Your second point, paraphrased: 90% of anything is crap, that doesn’t mean there’s no progress. I’m totally on board with that. But in alignment today, it’s not just that 90% of the work is crap, it’s that the most memetically successful work is crap. It’s not the raw volume of crap that’s the issue so much as the memetic selection pressures.
Your first point, paraphrased: progress toward the the hard problem does not necessarily immediately look like tackling the meat of the hard problem directly. I buy that to some extent, but there are plenty of cases where we can look at what people are doing and see pretty clearly that it is not progress toward the hard problem, whether direct or otherwise. And indeed, I would claim that prosaic alignment as a category is a case where people are not making progress on the hard problems, whether direct or otherwise. In particular, one relevant criterion to look at here is generalizability: is the work being done sufficiently general/robust that it will still be relevant once the rest of the problem is solved (and multiple things change in not-yet-predictable ways in order to solve the rest of the problem)? See e.g. this recent comment for an object-level example of what I mean.

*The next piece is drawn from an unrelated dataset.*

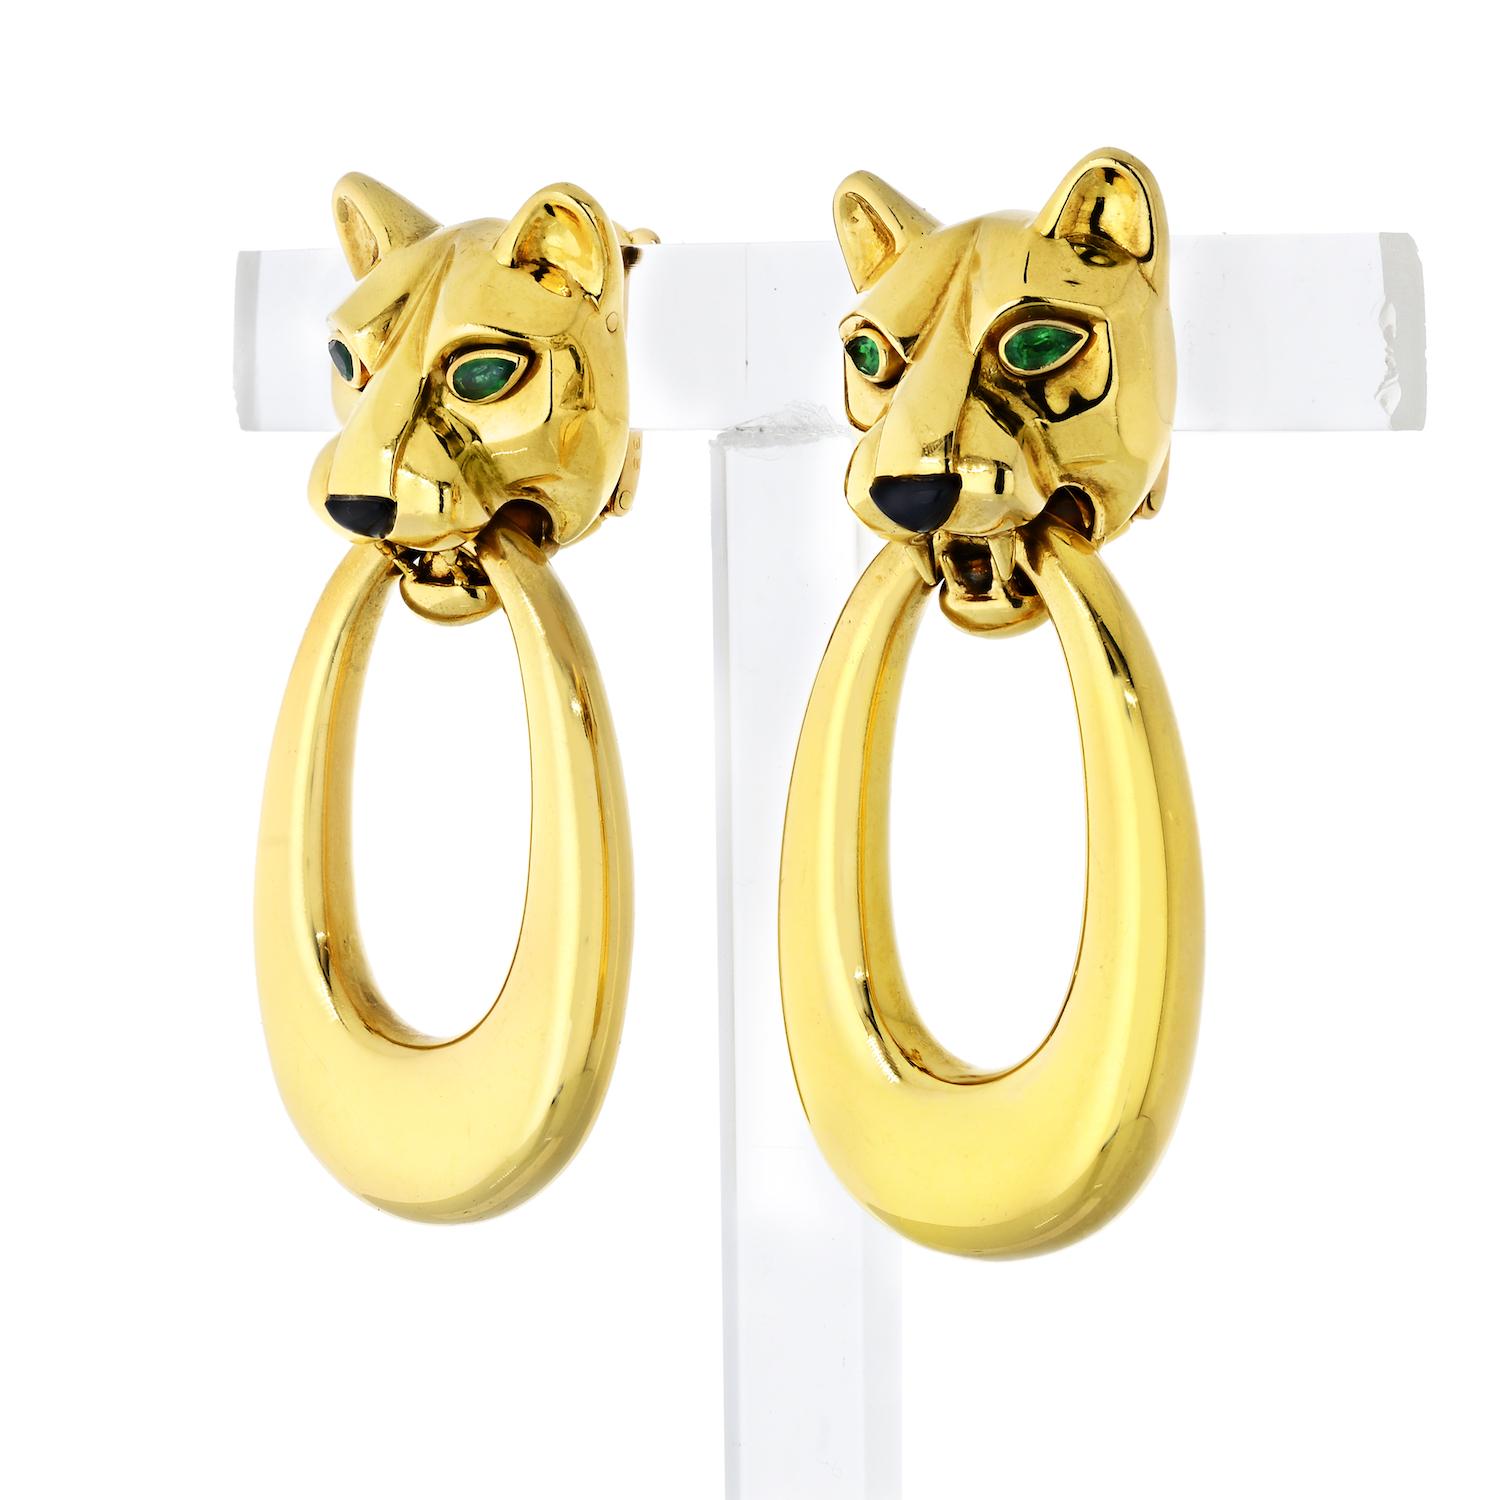 Exquisite pair of Cartier door knocker style panthere earrings. These are classic and versatile earrings that are no longer in production. They allow the wearer the option to remove the loops and wear pantheres on their own. The earrings are signed

johnswentworth 28 Dec 2024 0:13 UTC
5 points
2
in reply to: Zach Stein-Perlman’s comment on: The Field of AI Alignment: A Postmortem, and What To Do About It
From the post:
… but crucially, the details of the rationalizations aren’t that relevant to this post. Someone who’s flinching away from a hard problem will always be able to find some rationalization. Argue them out of one (which is itself difficult), and they’ll promptly find another. If we want people to not streetlight, then we need to somehow solve the flinching.